_DATA PROVIDED_
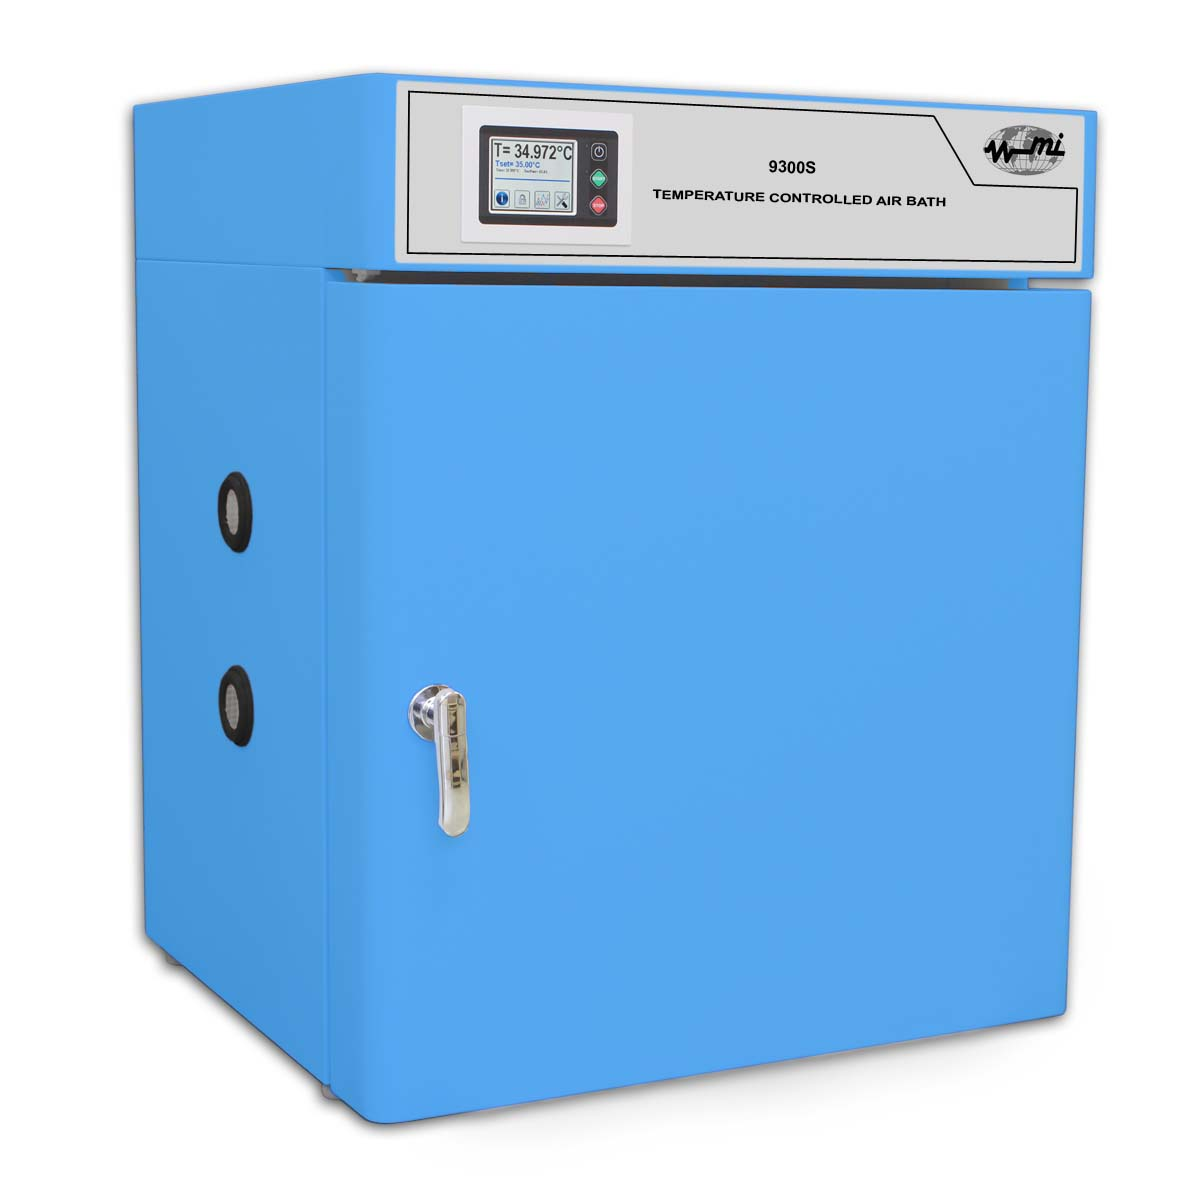 9300S - Measurements International
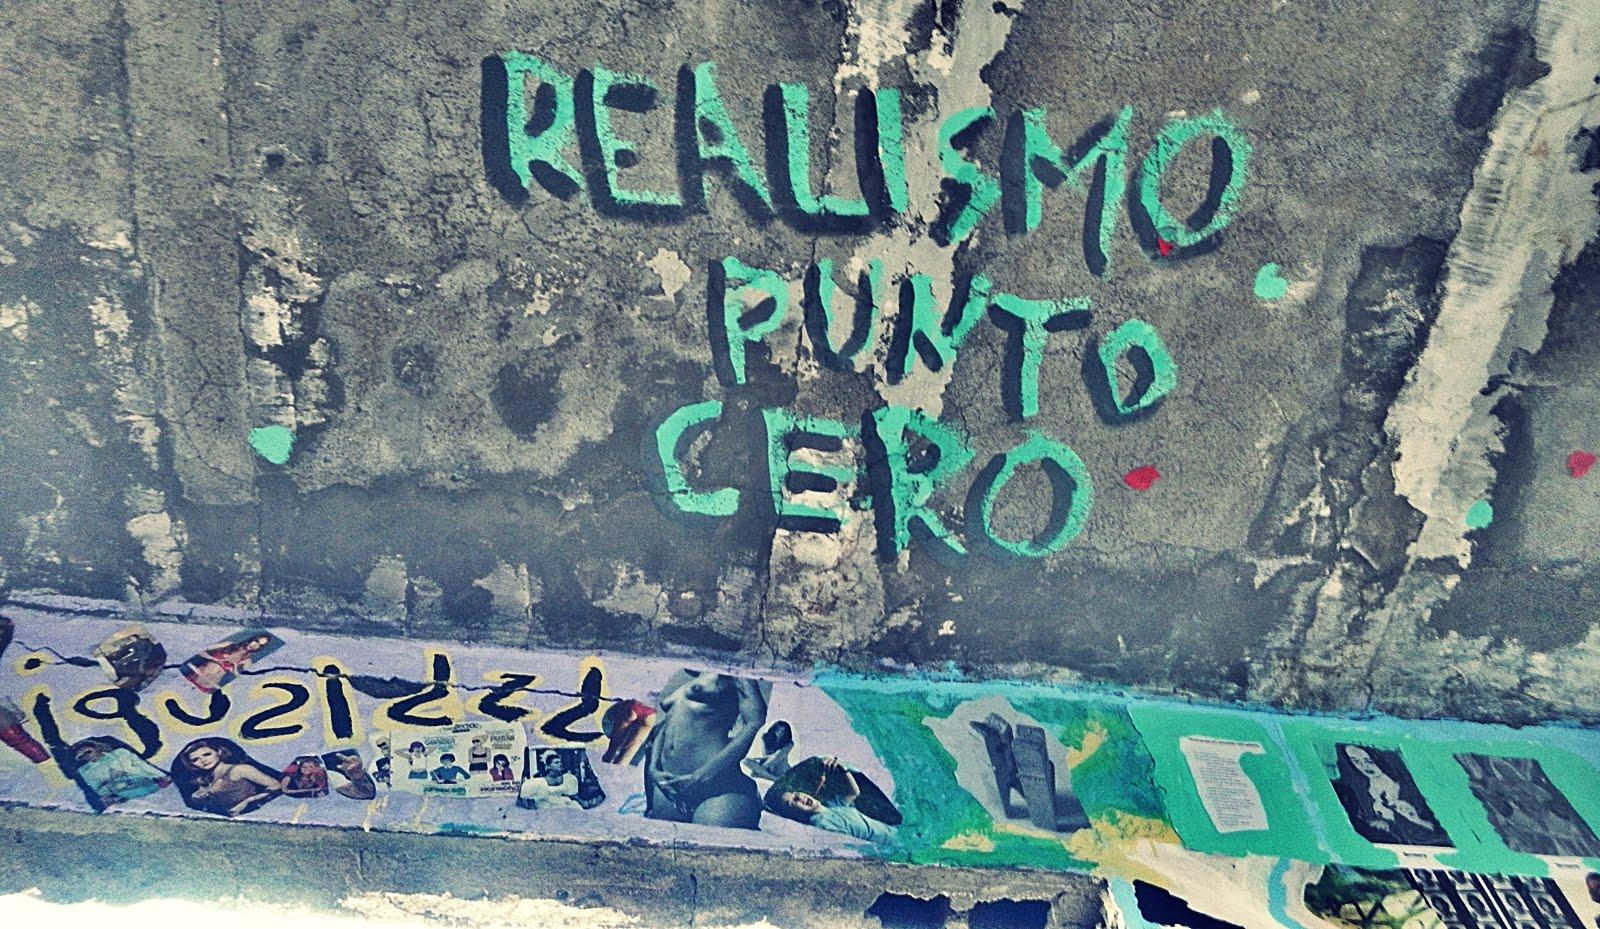 ®ealismoPuntoCero
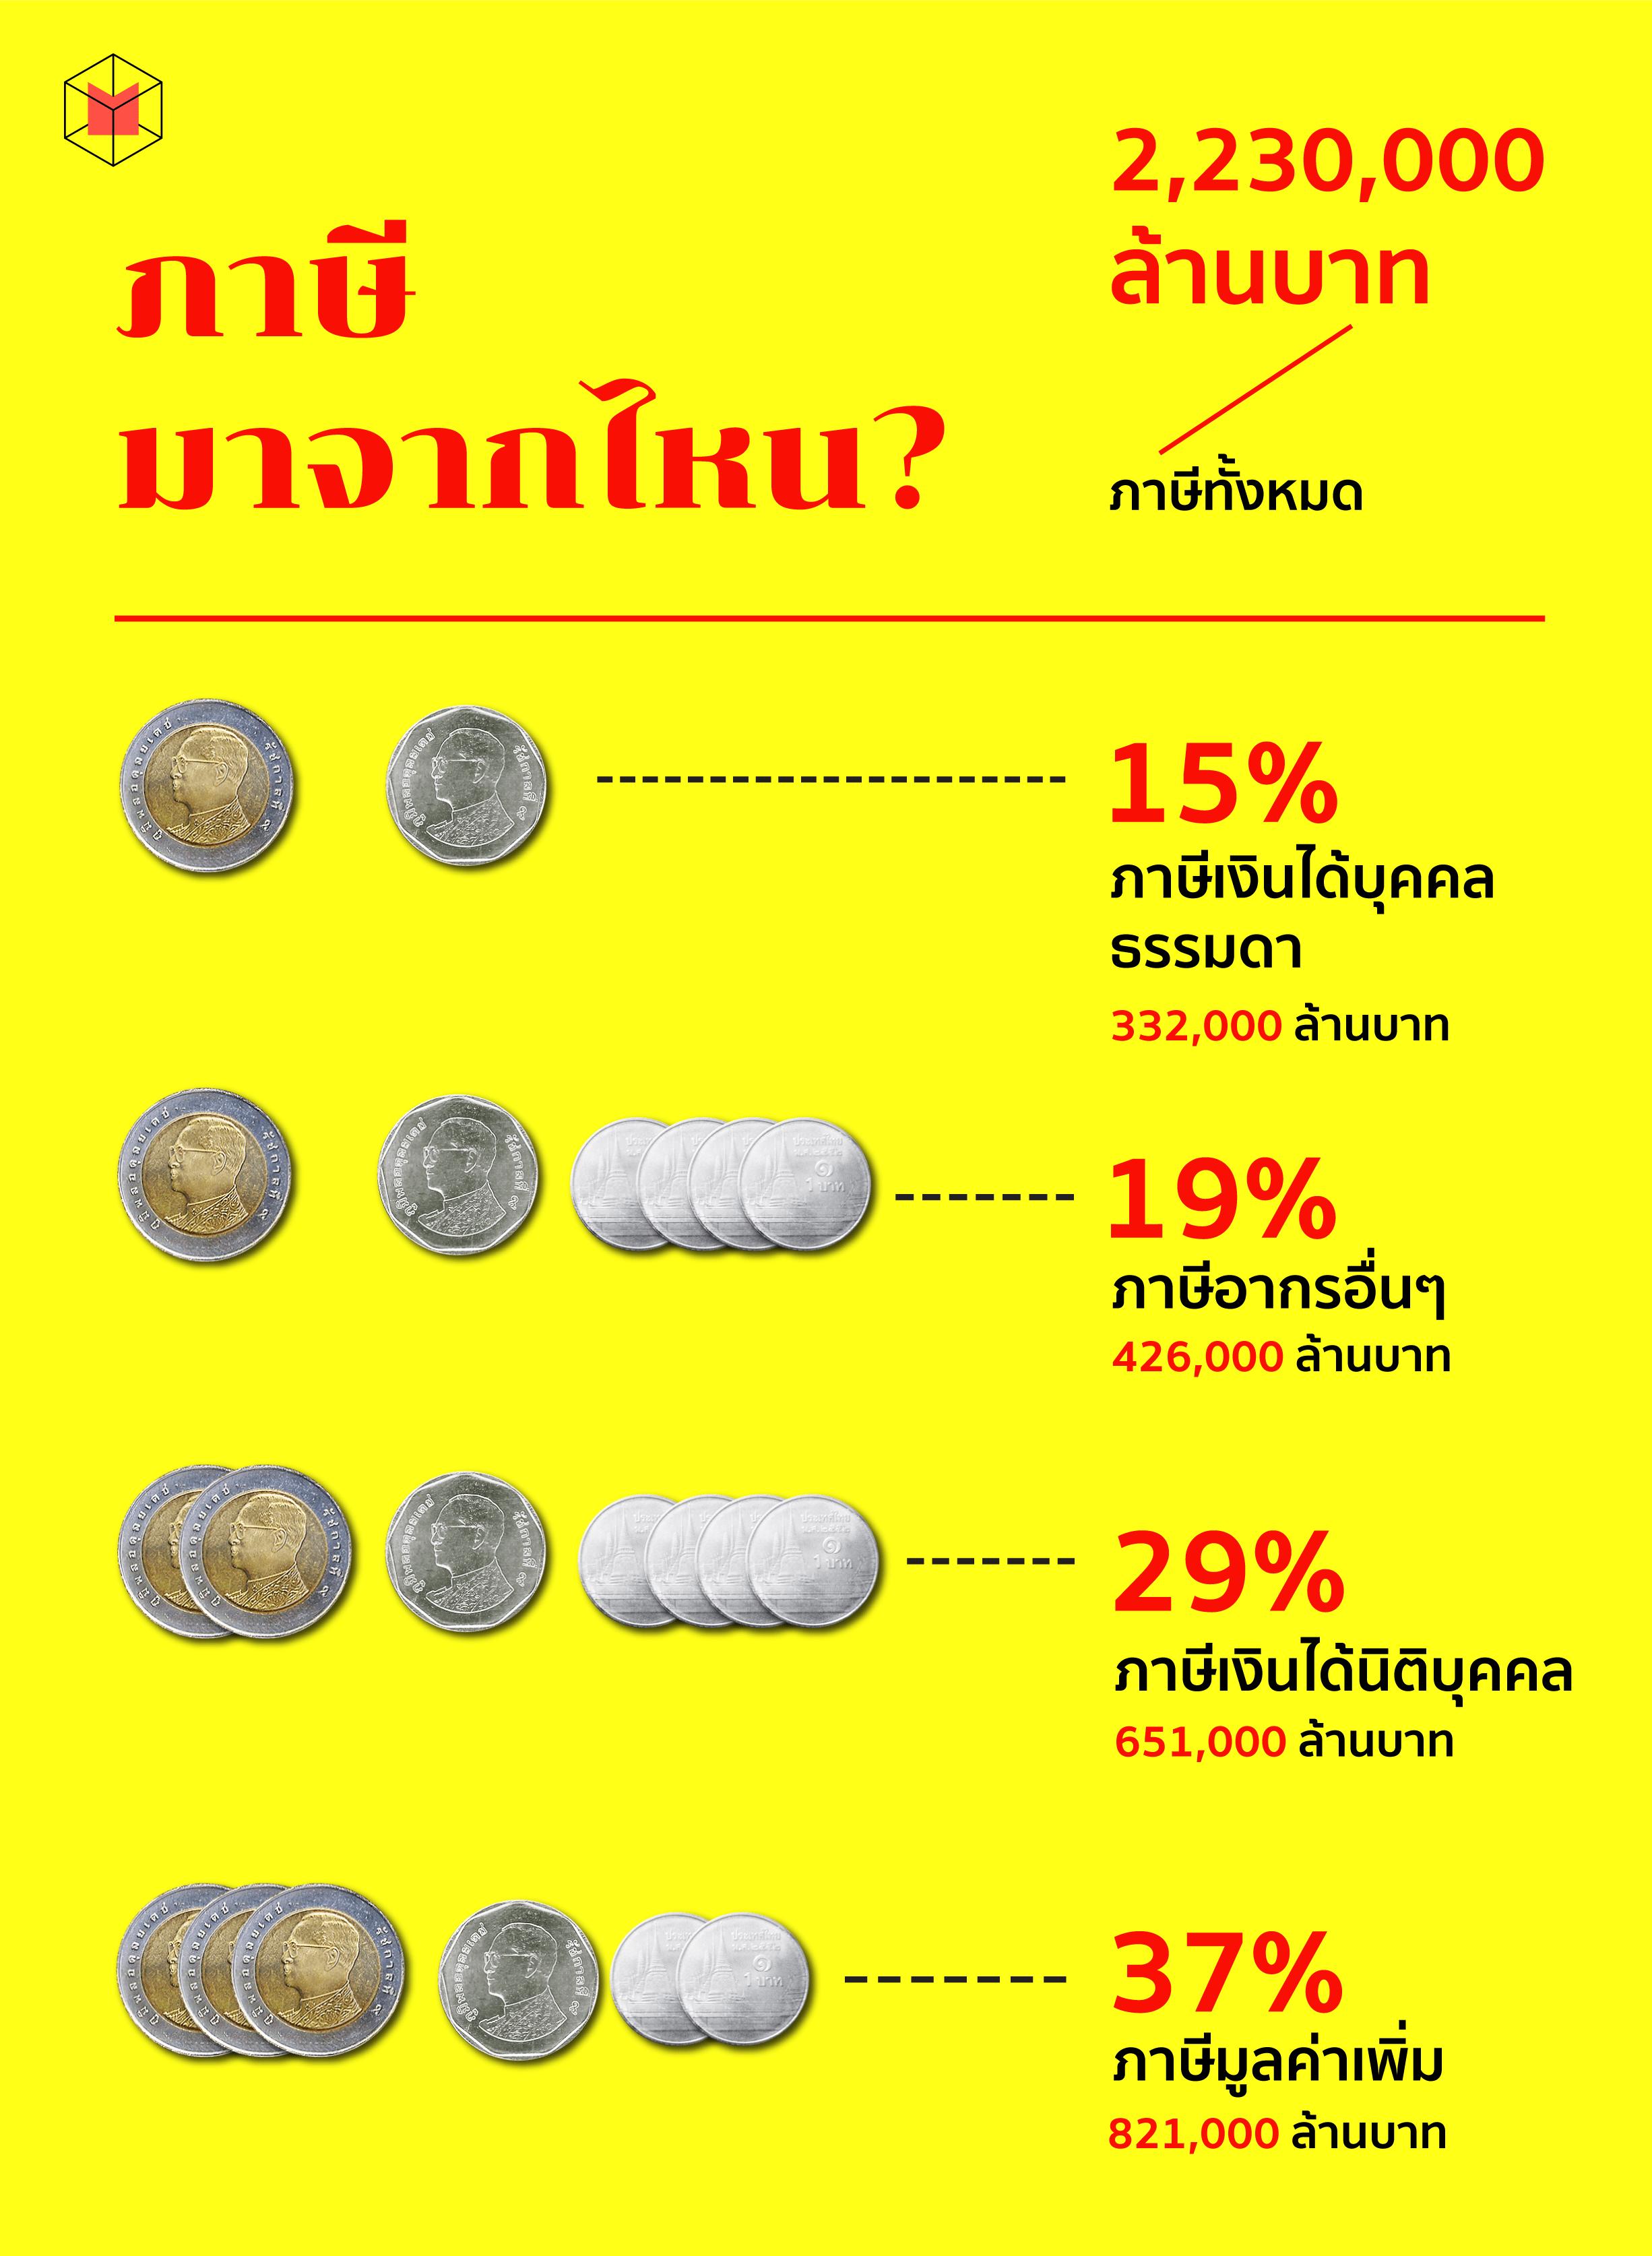 [Image: %E0%B8%A0%E0%B8%B2%E0%B8%A9%E0%B8%B5_1.png]

_DESCRIPTION OF THE TASK_
In your copy of the material, every word must match and no image should appear.

_OUTPUT OF THE EXERCISE_
 9300S - Measurements International
 ®ealismoPuntoCero
 [Image: %E0%B8%A0%E0%B8%B2%E0%B8%A9%E0%B8%B5_1.png]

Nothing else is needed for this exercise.